▶ EXERCISE INSTRUCTIONS
Copying rule for the data below: take the line containing "Natural White Topaz" and every line after it to the end, exactly, and drop all pictures.

Dataset entries
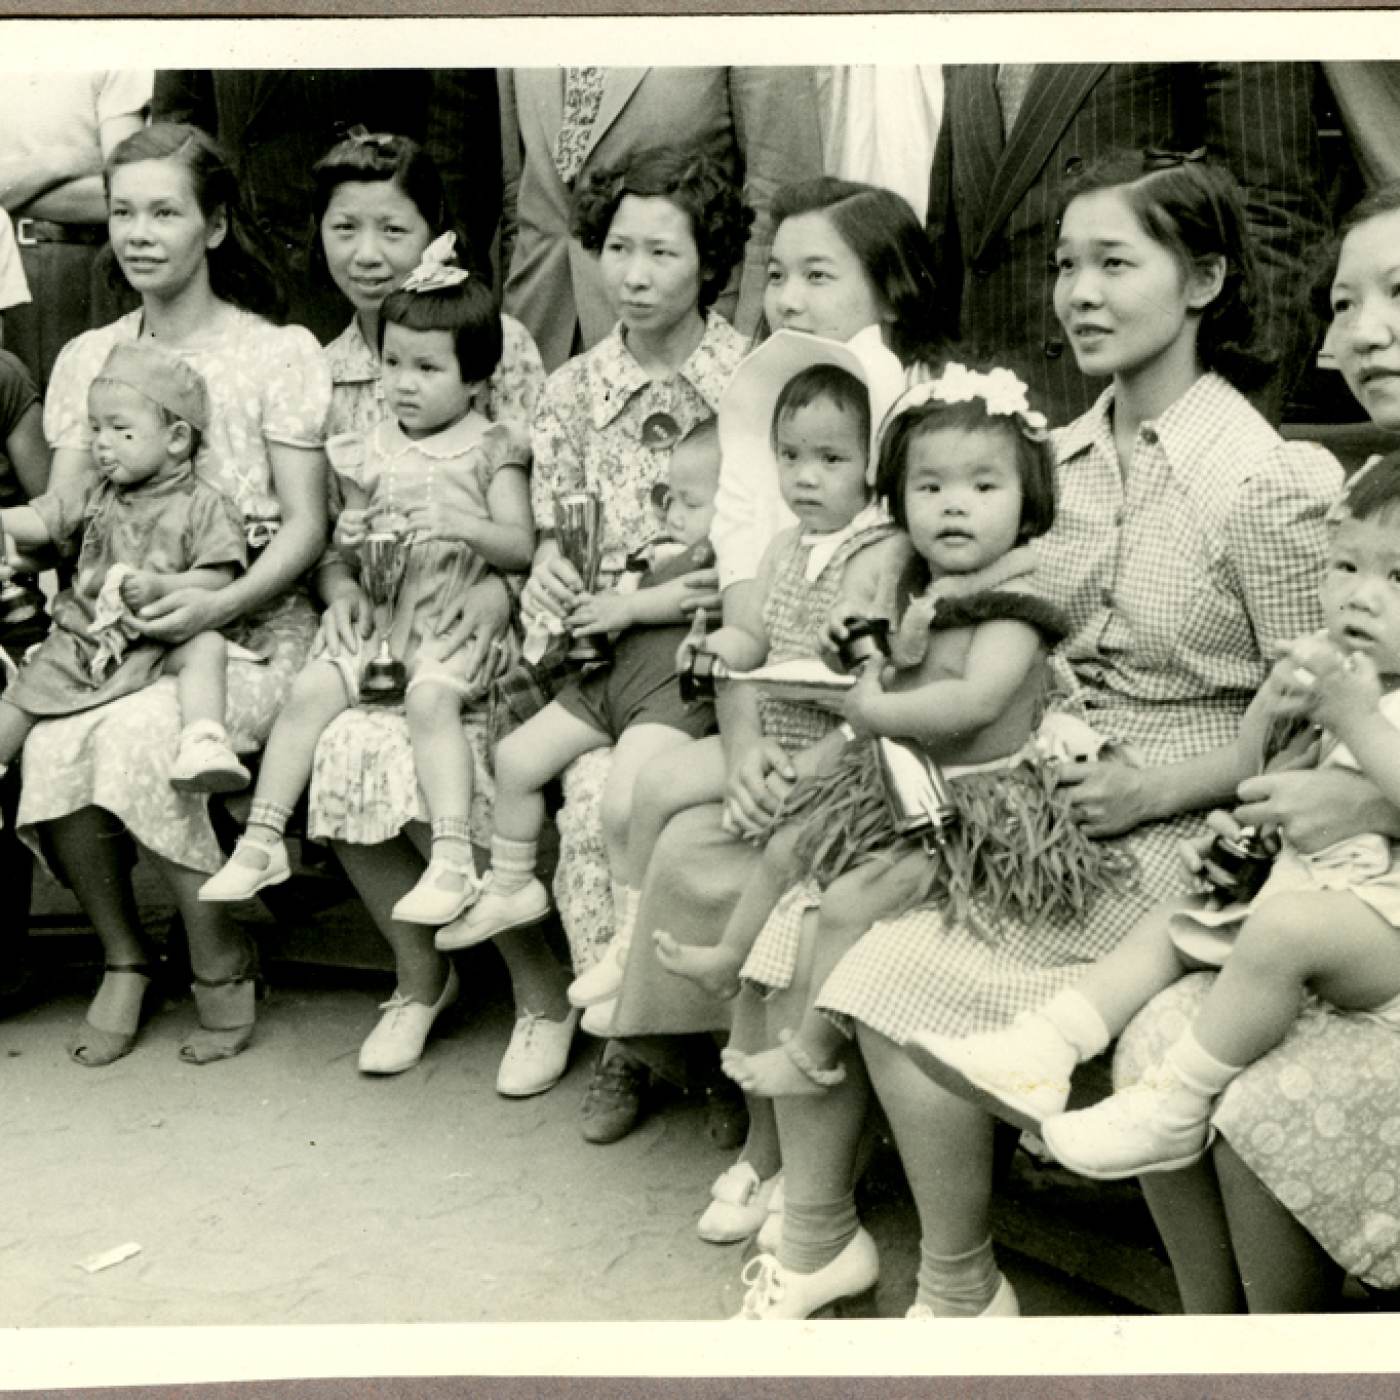 2012.002.002 A group photograph of the participants in the New York City Chinatown baby contest held on June 17, 1939 in Columbus park. Second from the right are mother and daughter Vivian Dai and Meling Dai (18 months). Third from the right are Meme Chen with her daughter Jaqueline Young (2 years). First from the left are May Moy with Patricia Moy (2 years). Third from left are Grace Lee Mok and her daughter Jade Mok, who won the prize for healthiest girl. Pictured at far right is Rose Lee Liu, wife of Dr. Arthur Liu, with her son Allan Liu. The Commissioner of Health and policemen, standing behind them, were the guests of honor. Courtesy of Meiling Dai, Museum of Chinese in America (MOCA) Collection.
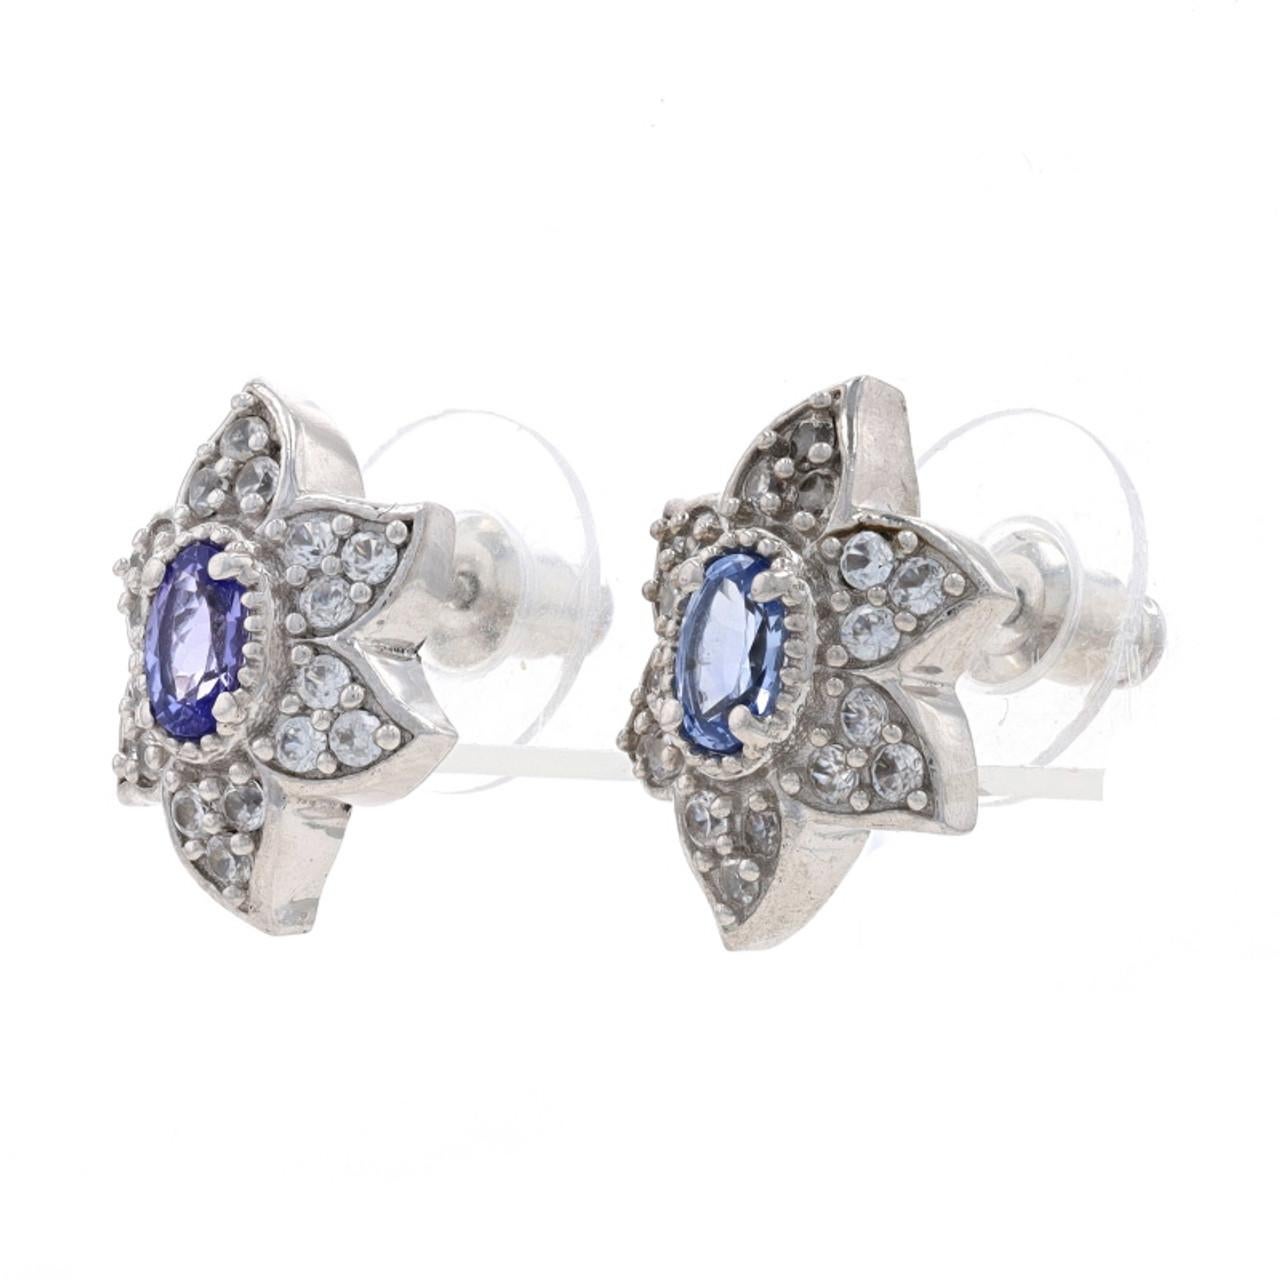 Sterling Silver Tanzanite & White Topaz Large Stud Earrings 925 Flowers Pierced

Stone Information:
Natural Tanzanites
Treatment: Routinely Enhanced
Color: Purple

Natural White Topaz

Additional information:
Material: Metal Sterling Silver
Style:
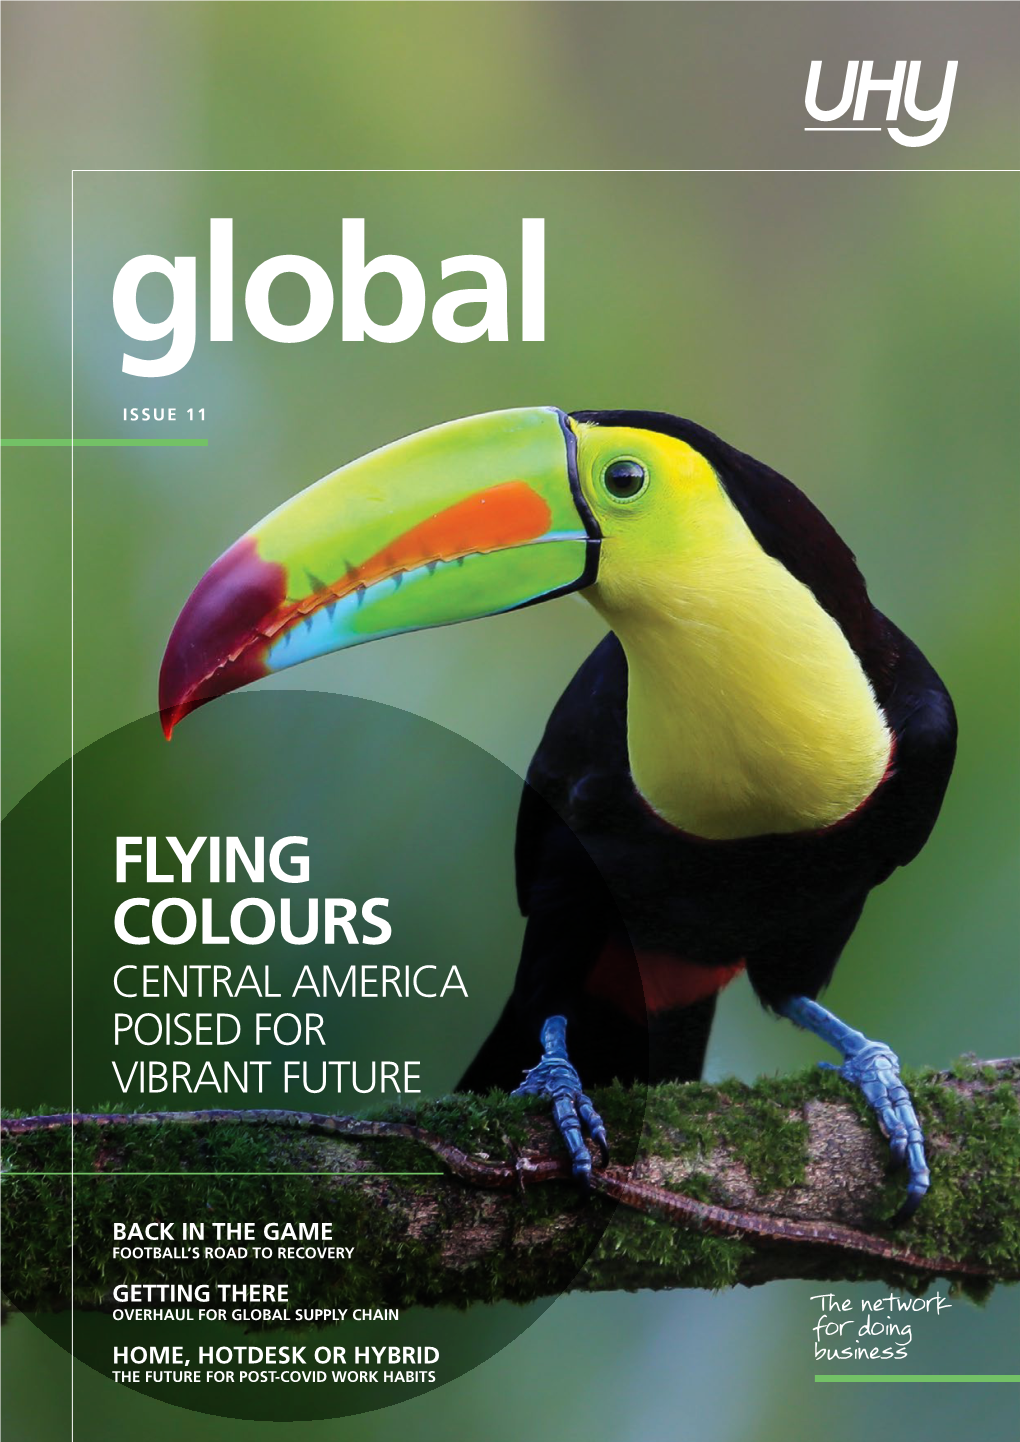 UHY Global Magazine Issue 11: Flying Colours
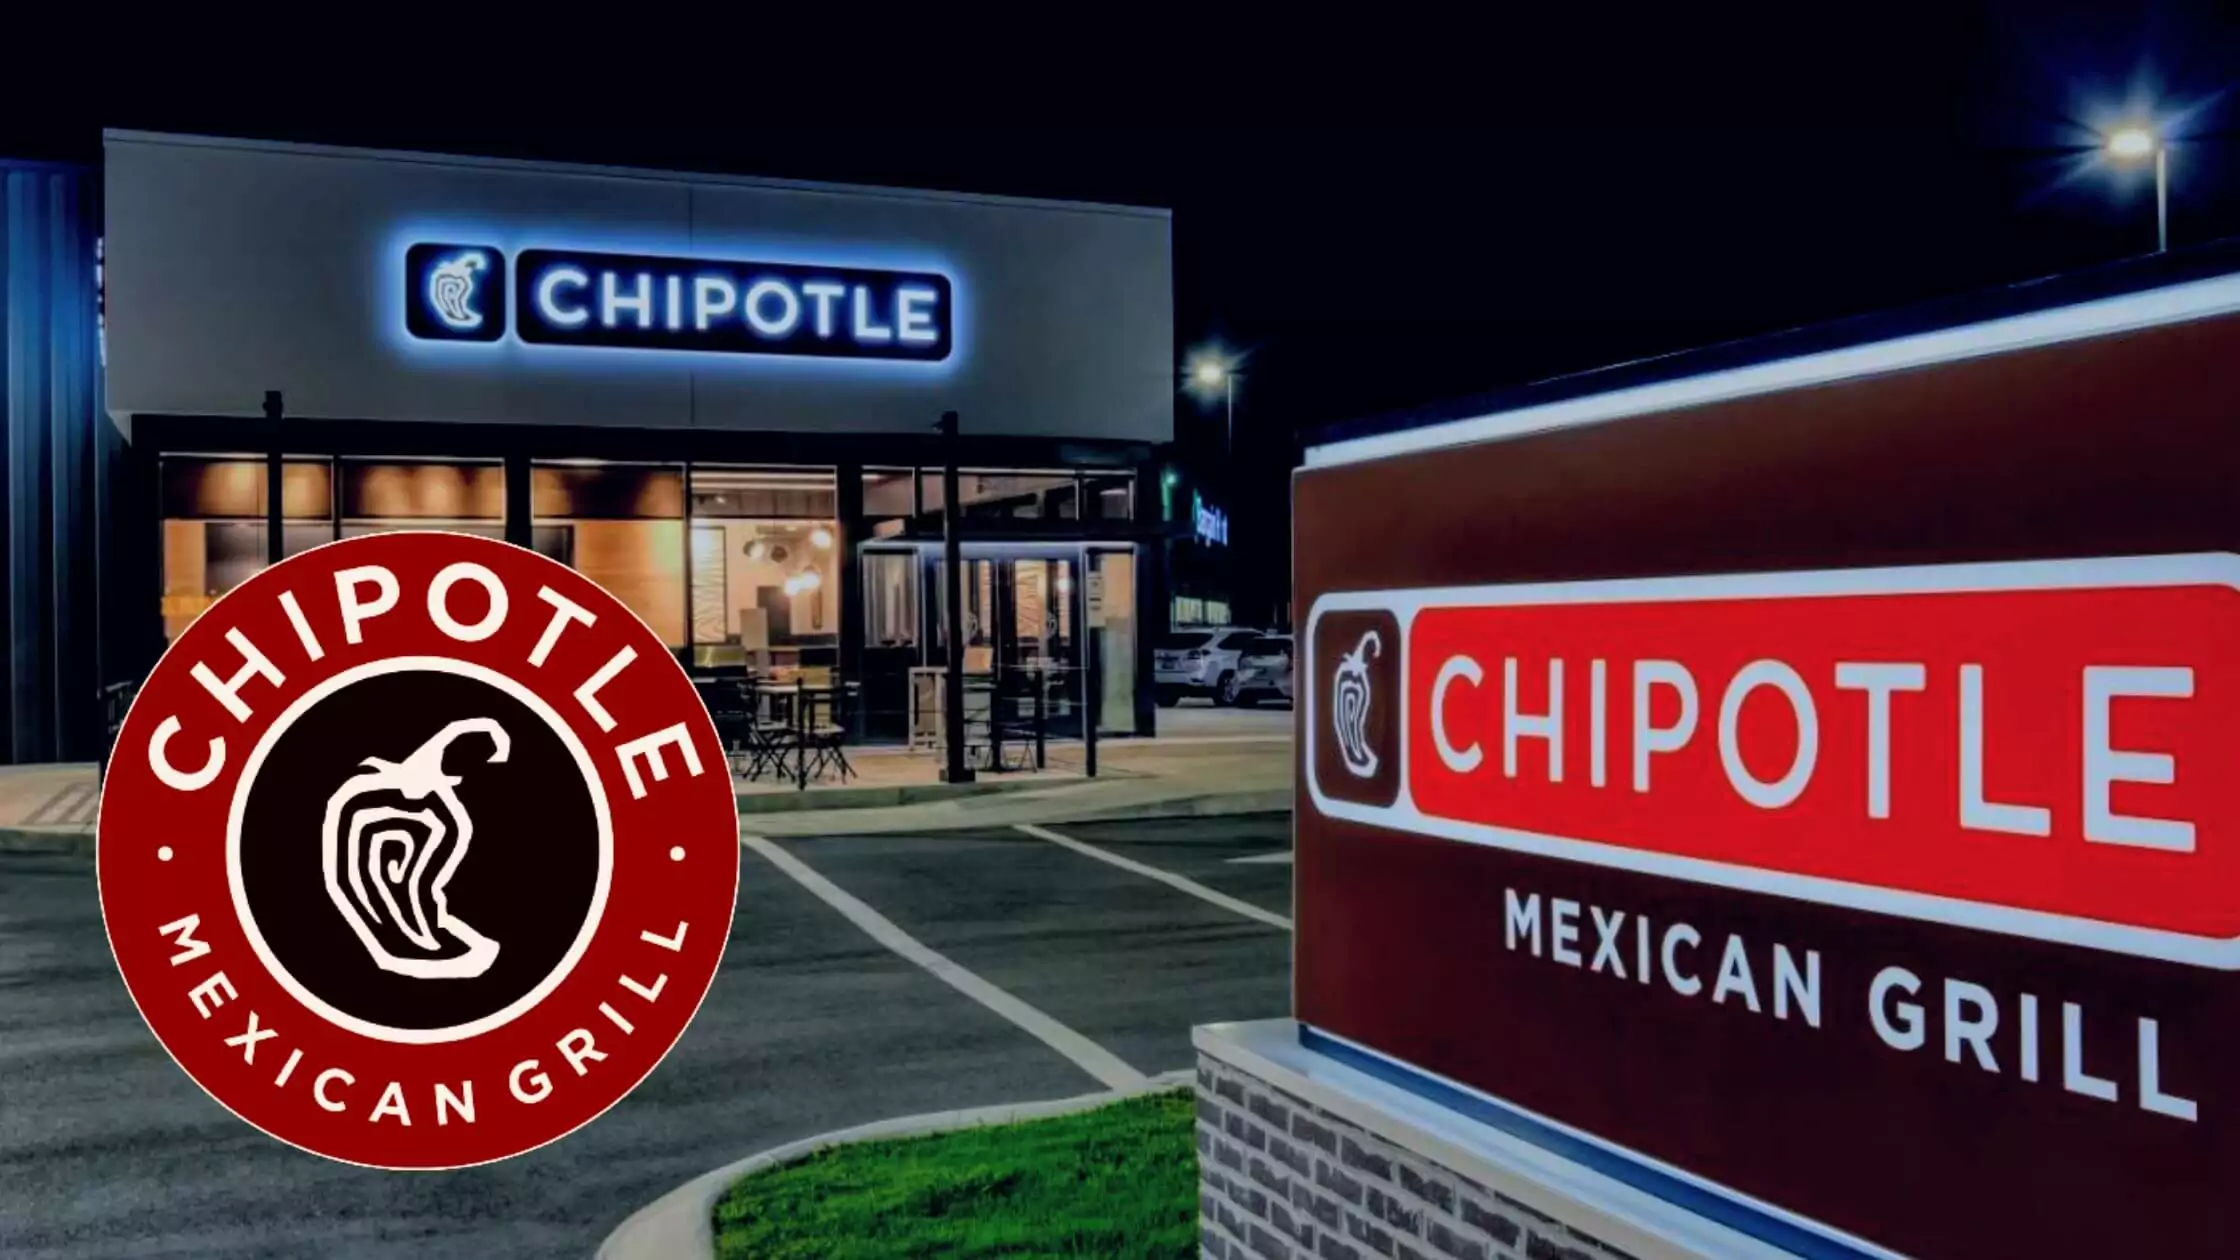 Chipotle Waves The Green Light To The Quesadilla 'Hack' From TikTok

▶ TASK ANSWER
Natural White Topaz

Additional information:
Material: Metal Sterling Silver
Style:
 UHY Global Magazine Issue 11: Flying Colours
 Chipotle Waves The Green Light To The Quesadilla 'Hack' From TikTok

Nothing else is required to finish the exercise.